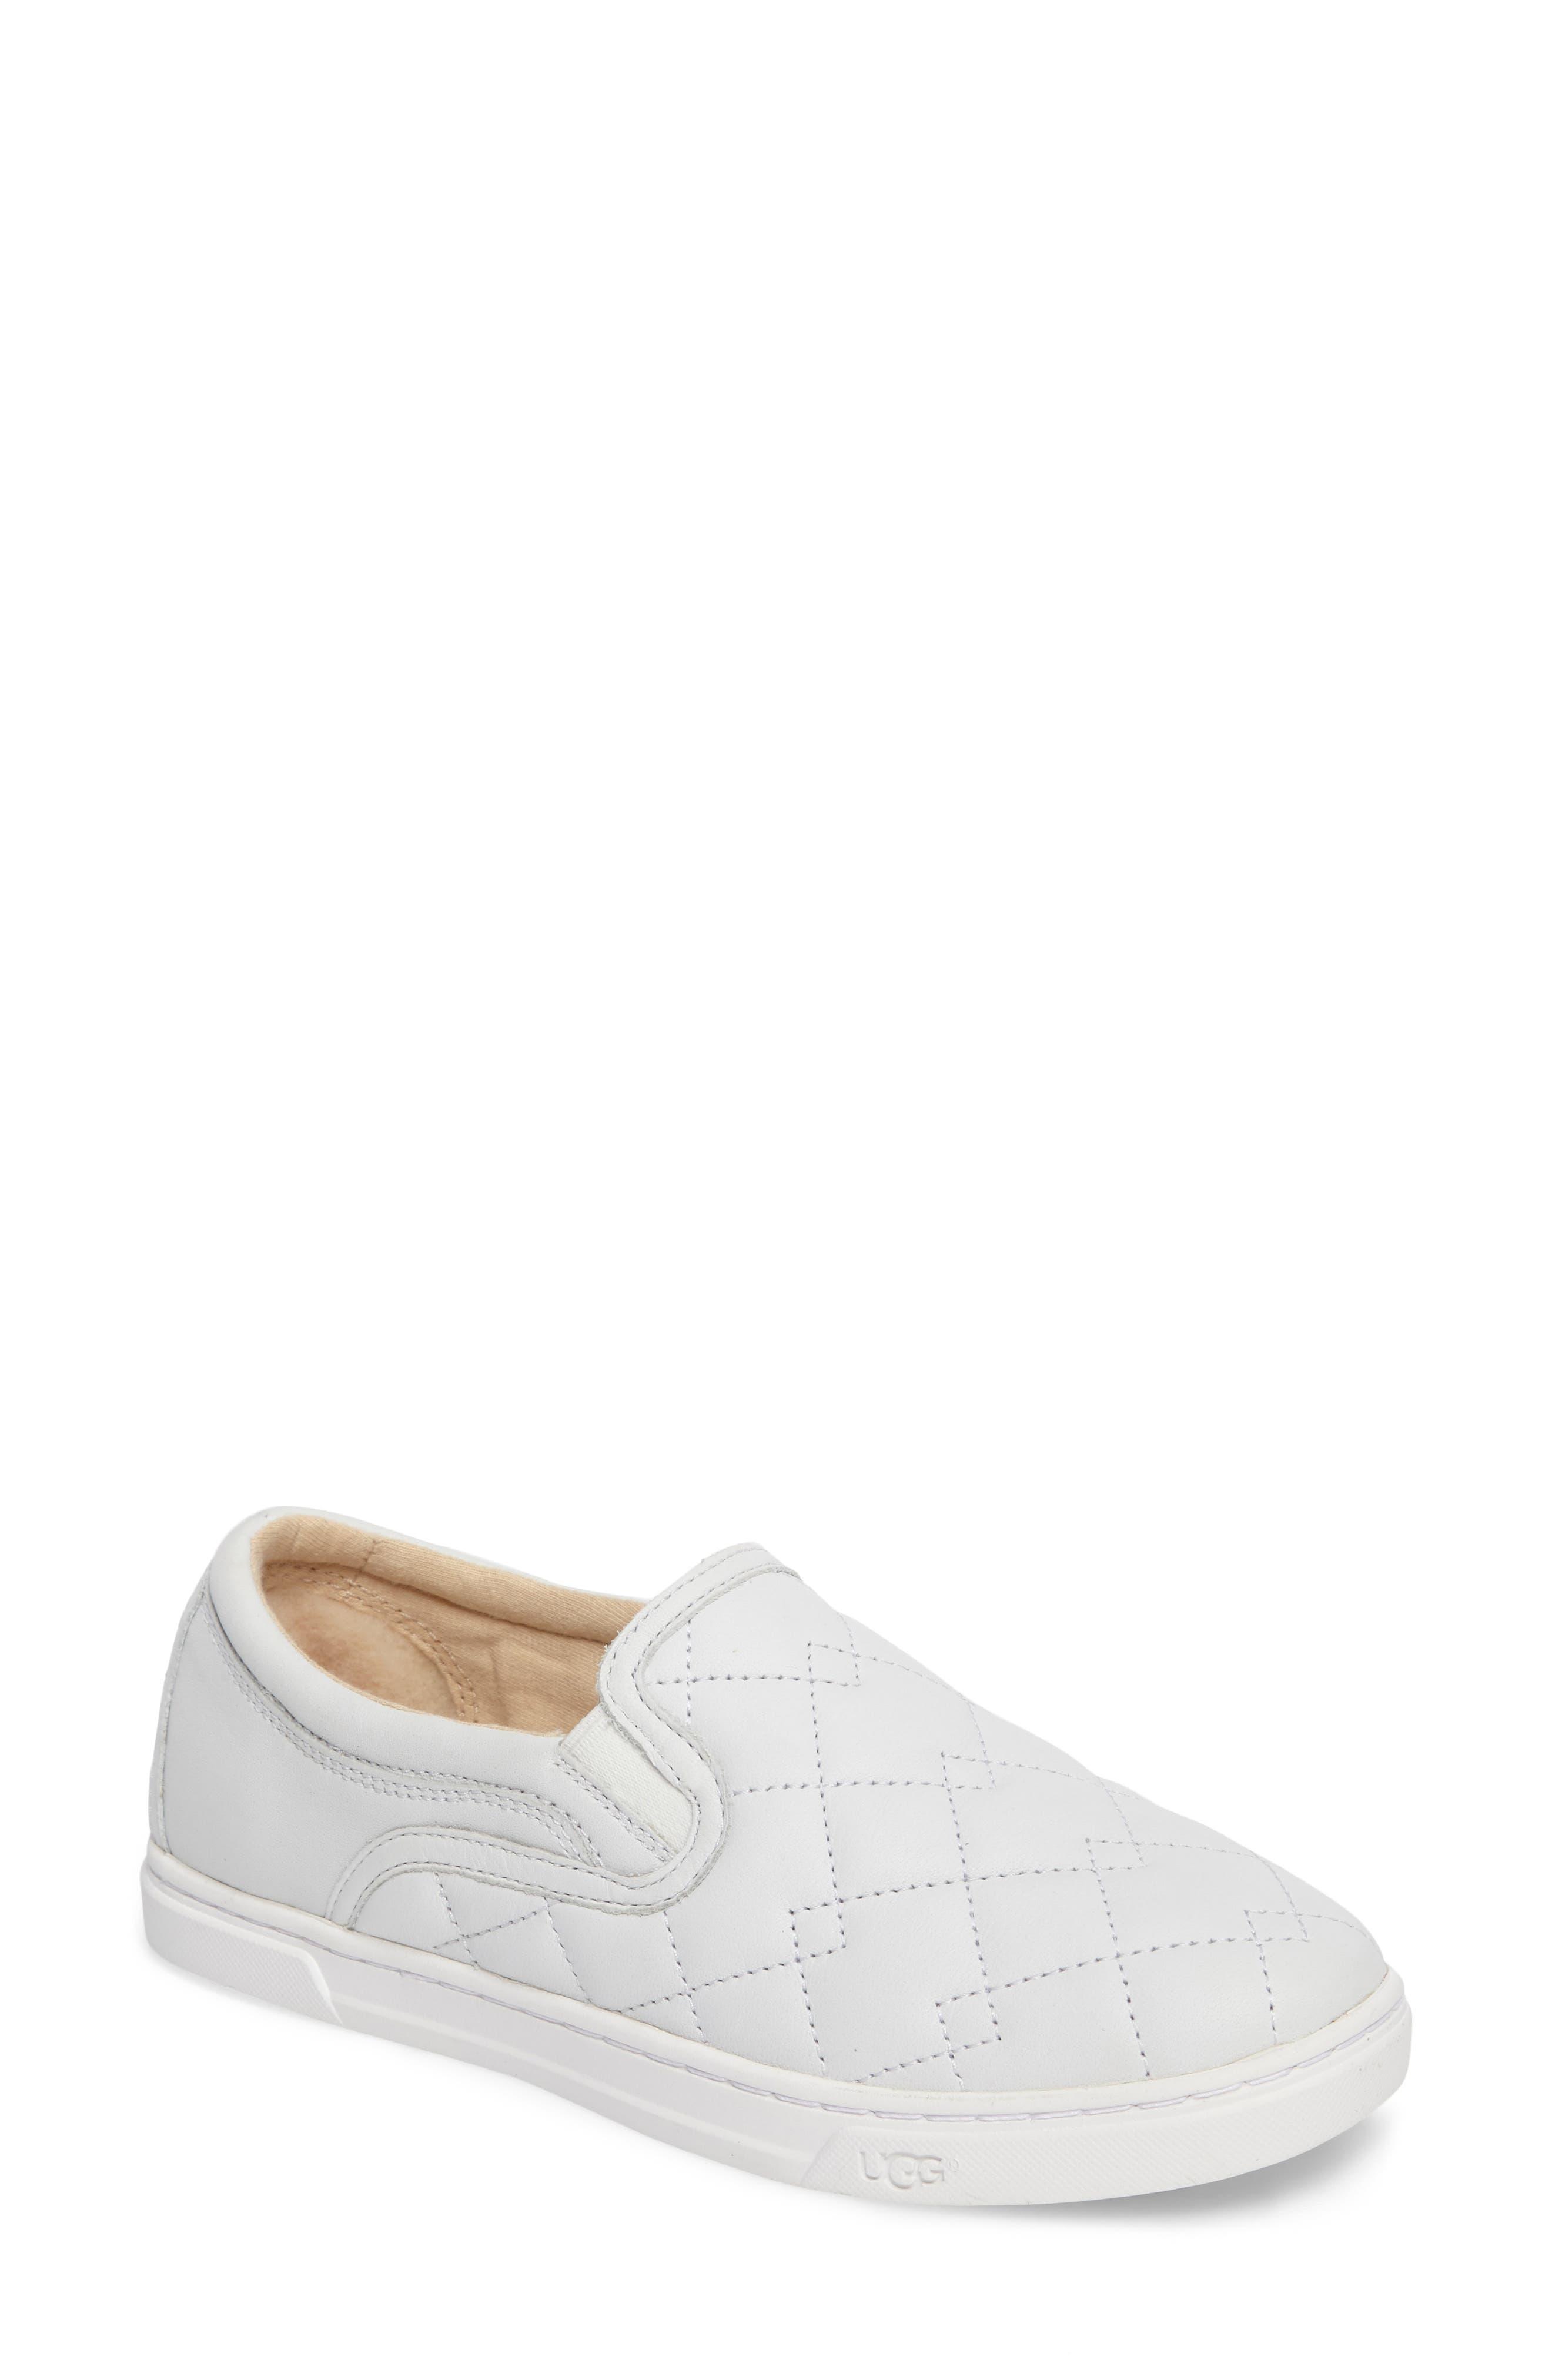 Alternate Image 1 Selected - UGG® Fierce Deco Quilted Slip-On Sneaker (Women)
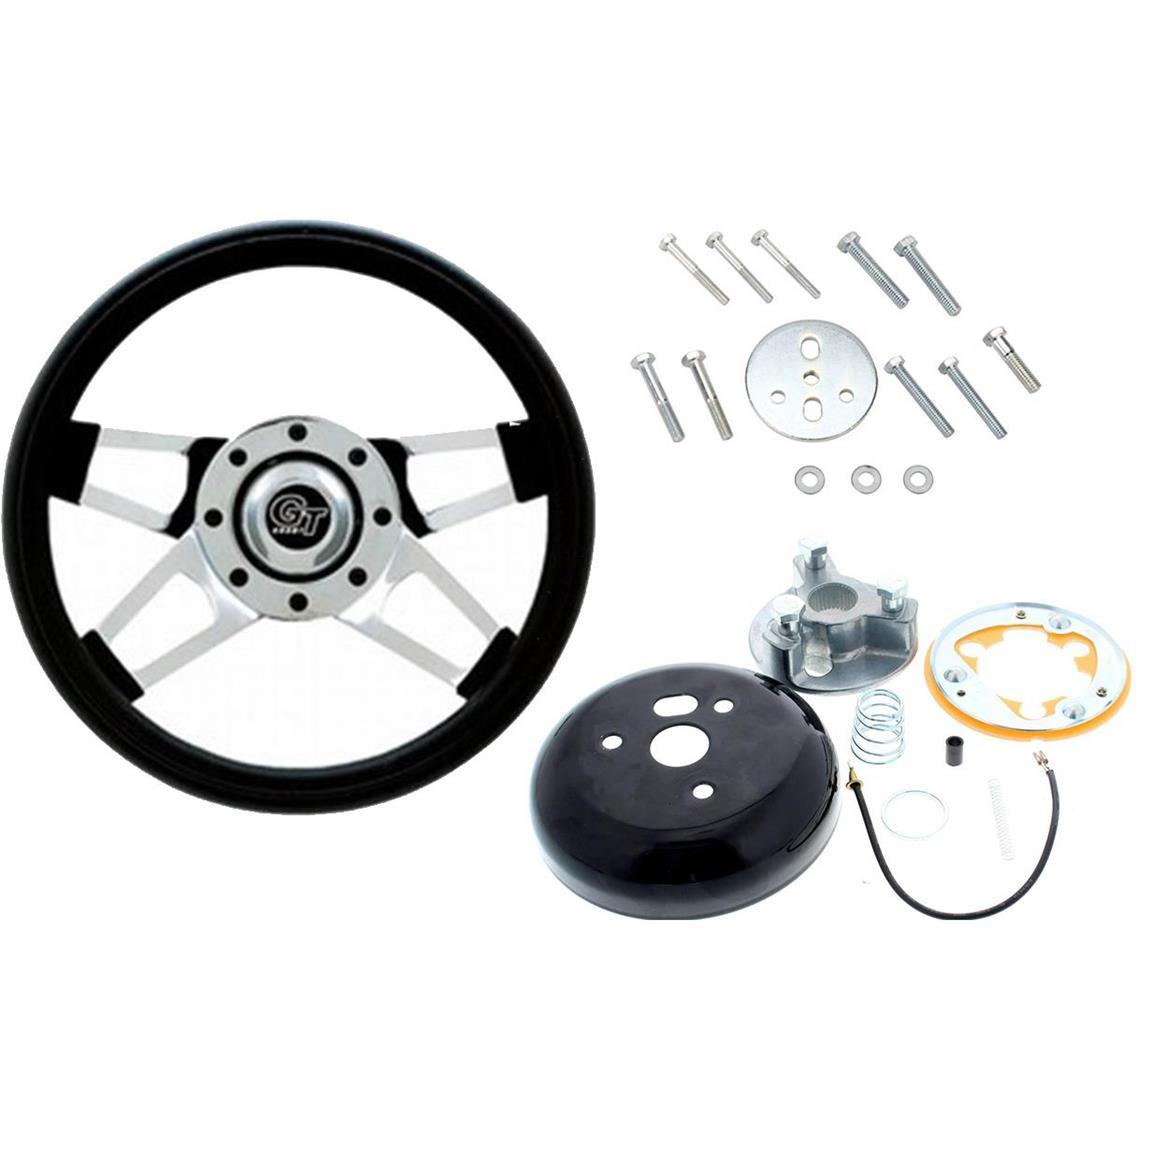 Grant 440 Challenger Gt Steering Wheel 13 1 2 Inch W Install Kit
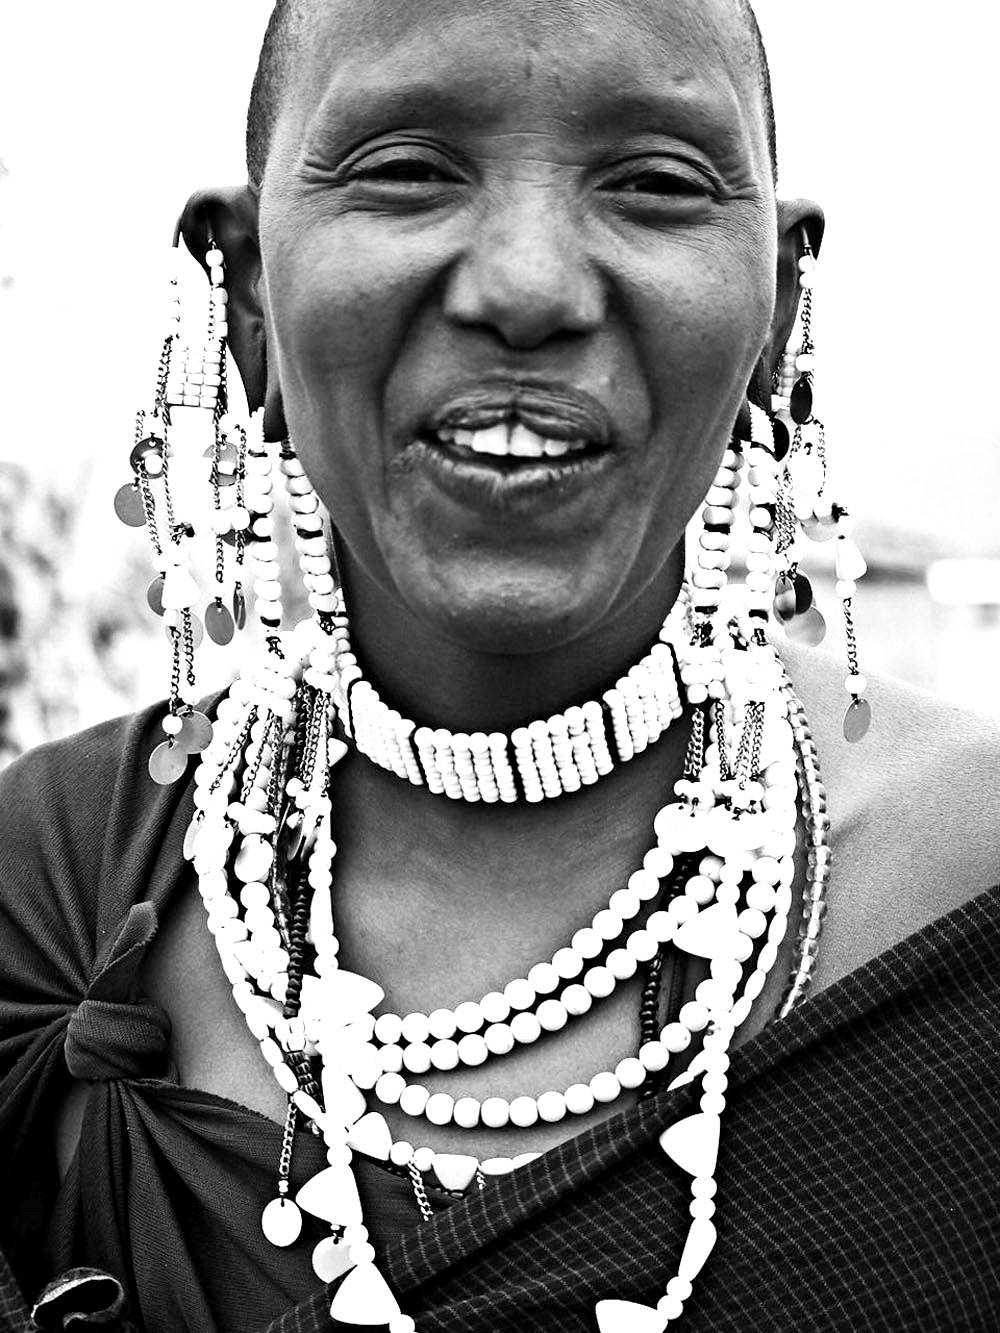 Maasai woman wearing traditional Maasai necklaces and earrings.

★ ★ ★ ★ ★

## Task instructions
Give back the material word for word, leaving out its pictures.

## The completed task
 Alternate Image 1 Selected - UGG® Fierce Deco Quilted Slip-On Sneaker (Women)
 Grant 440 Challenger Gt Steering Wheel 13 1 2 Inch W Install Kit
 Maasai woman wearing traditional Maasai necklaces and earrings.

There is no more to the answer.